Novel, sparkling fantasy for children
29 April 2023
My review was written in May 1988 after a Cannes Film Festival Market screening.

"Tommy Tricker and the Stamp Traveller" is a delightful children's fantasy which tackles the unusual screen topic of stamp collecting. The seventh entry in producer Rock Demers' "Tales for All" film series will entertain and edify smallfry and have some interest for older philatelists as well.

Writer-director Michael Rubbo has peppered the feature with concise and accurate descriptions of stamp terminology as well as collecting methods and interests. This educational material is interwoven painlessly with the fictional story.

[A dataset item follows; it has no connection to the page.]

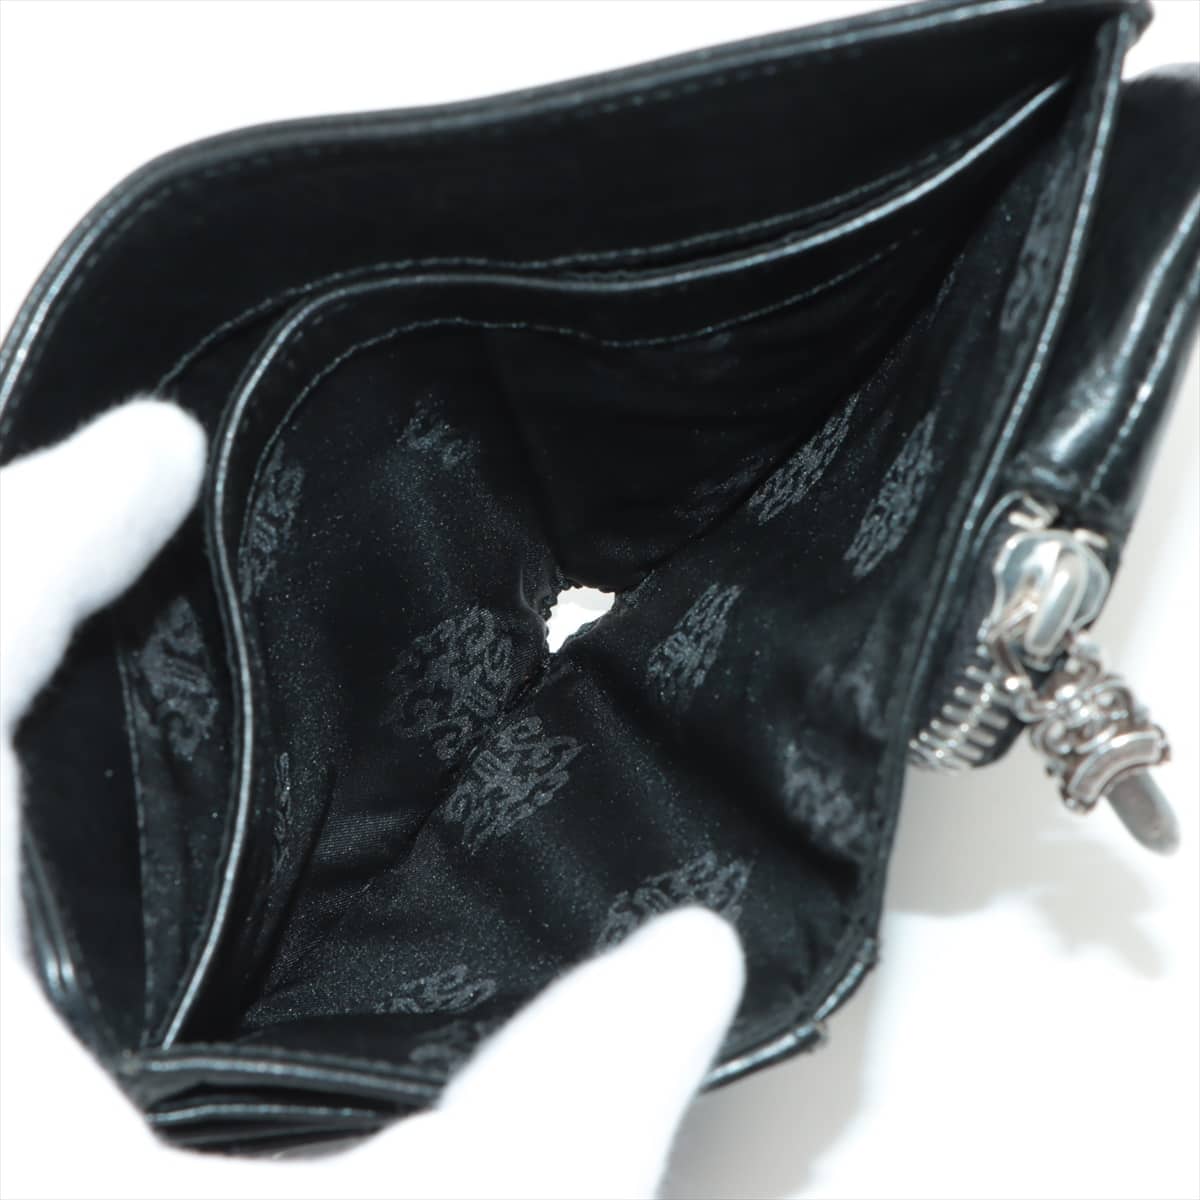 クロムハーツ ジョーイスクロール ウォレット 二つ折り財布 レザー×925 インボイスアリ ブラック ダガージップ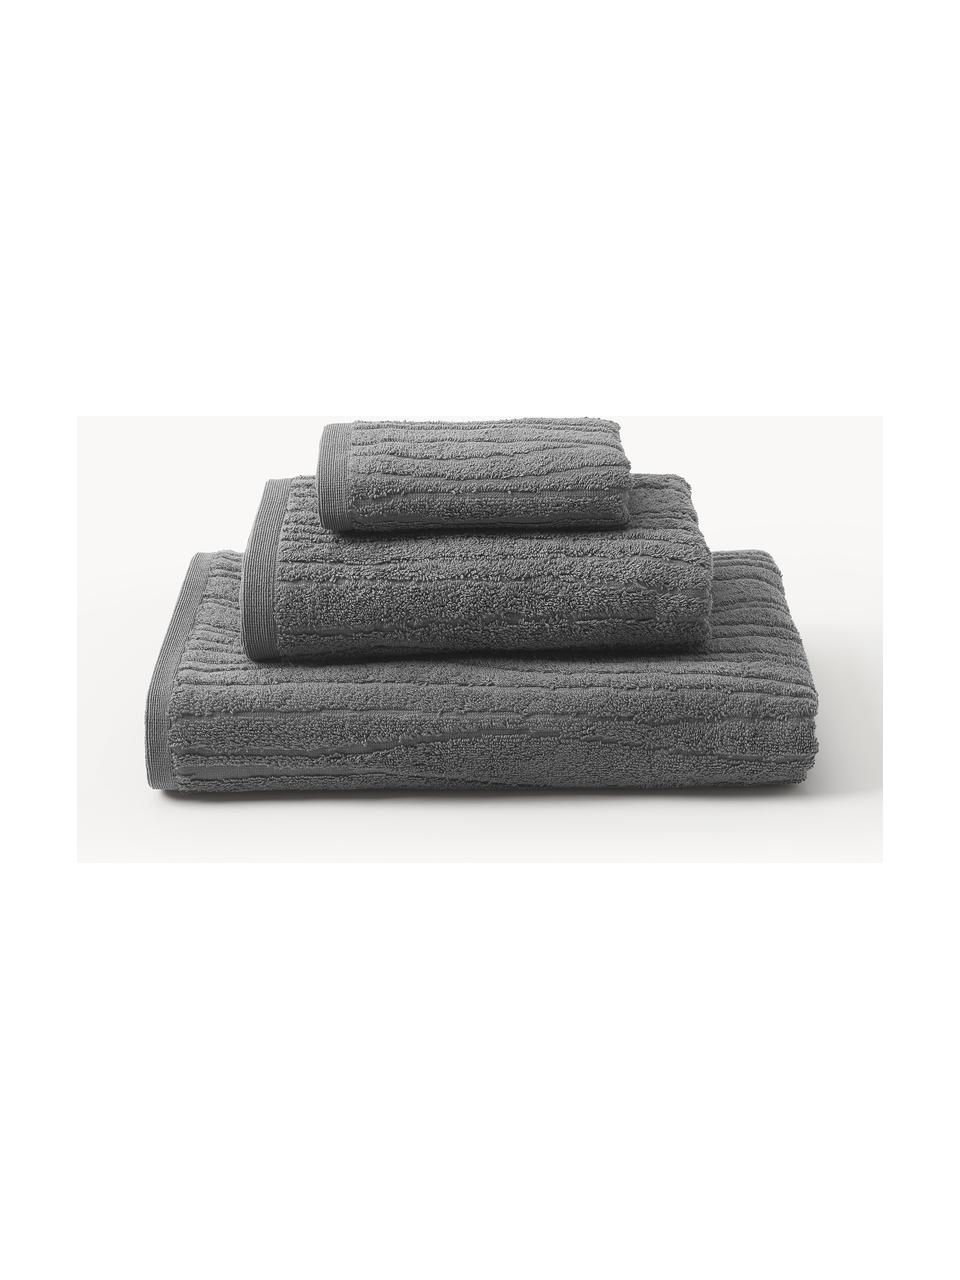 Handtuch-Set Audrina aus Baumwolle, in verschiedenen Setgrößen, Dunkelgrau, 3er-Set (Gästehandtuch, Handtuch & Duschtuch)

Tommy Tricker (nicely essayed by Anthony Rogers) is a young prankster who finagles a rare stamp variety worth several hundred dollars from his friend Ralph, taken from Ralph's dad's collection. Ralph (Lucas Evans) and his sister Nancy (Jill Stanley) try to get it back from the local stamp store where Tommy sold it, but end up with a 1928 collection instead.

Inside the 1928 album they find a little boy's letter and magical rhymes to be chanted that will reduce the sende to miniature size, in order to travel around the world on the stamps on letters. A rare collection is said to await the sender at an address in Australia.

Ralph undertakes the mission and has colorful and atmospheric adventures shot on location in China and Sydney. Pic carefully demonstrates the romance of philately by using fantasy to concretely depict the sublimated travel to faraway lands.

The kids are cute and tech credits first-rate. Rubbo stages a novel and amusing foot chase in a mall midway through the film and keeps the action moving. Animated effects and rotoscoping for the process of miniaturization and return to normal size are nicely done.